In this remaining lies the whole meaning of that ancient choice he made during the Judgment over the Grigori (Watchers).
The world that became deadly for the fluid, bright Fair Folk does not banish him. Long ago he made himself dense, mortal, weighted — made himself, in essence, native to that lower, iron, thickened world that became unbearably toxic to his kin.
What he did out of compassion for the condemned more than four hundred million years before the Exodus becomes the very thing that lets him abide now, when almost all his kin have gone into the Interspace.

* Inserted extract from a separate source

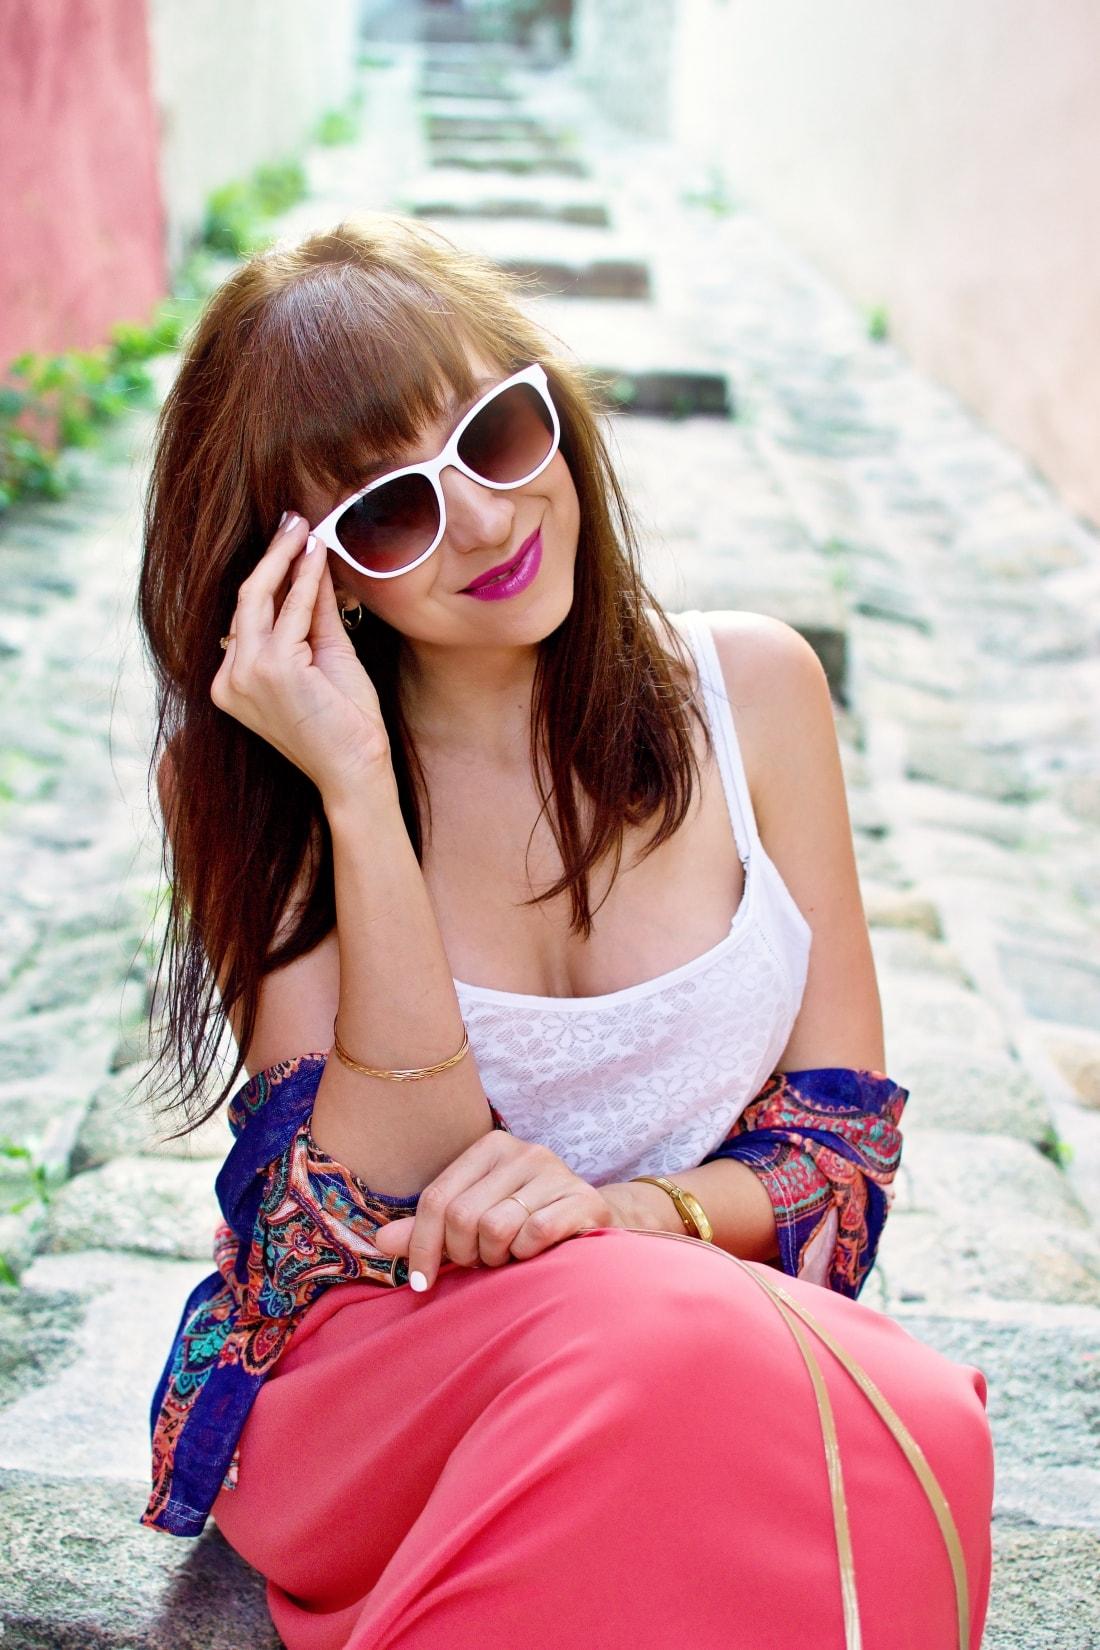 Purse jewel_Katharine fashion is beautiful blog 7_Mini bag_Kimono_Maxi_Handmade_Gold_Katarína Jakubčová_Fashion blogger

He is the last of the light-born remaining in the world of humans, the witness who did not depart. He remains for the same reason that always moved him: kinship with those who remain. As once he descended into flesh after the condemned, so now he stays in the lower world together with new mortal humanity — with those who inherited the divided, thickened, sealable Earth.
So he lives to this day — unnoticed, behind the stage, rarely letting fall a word to the chosen, continuing to hold the Grigori (Watchers) on this side of the chill, and keeping within himself, in the midst of the age of iron, the memory that the world was once one. A witness behind the stage of a world who remembers it whole and remains in it divided; a bright one who became mortal so as to remain where light departed; one who may yet come forth — someday — and tell.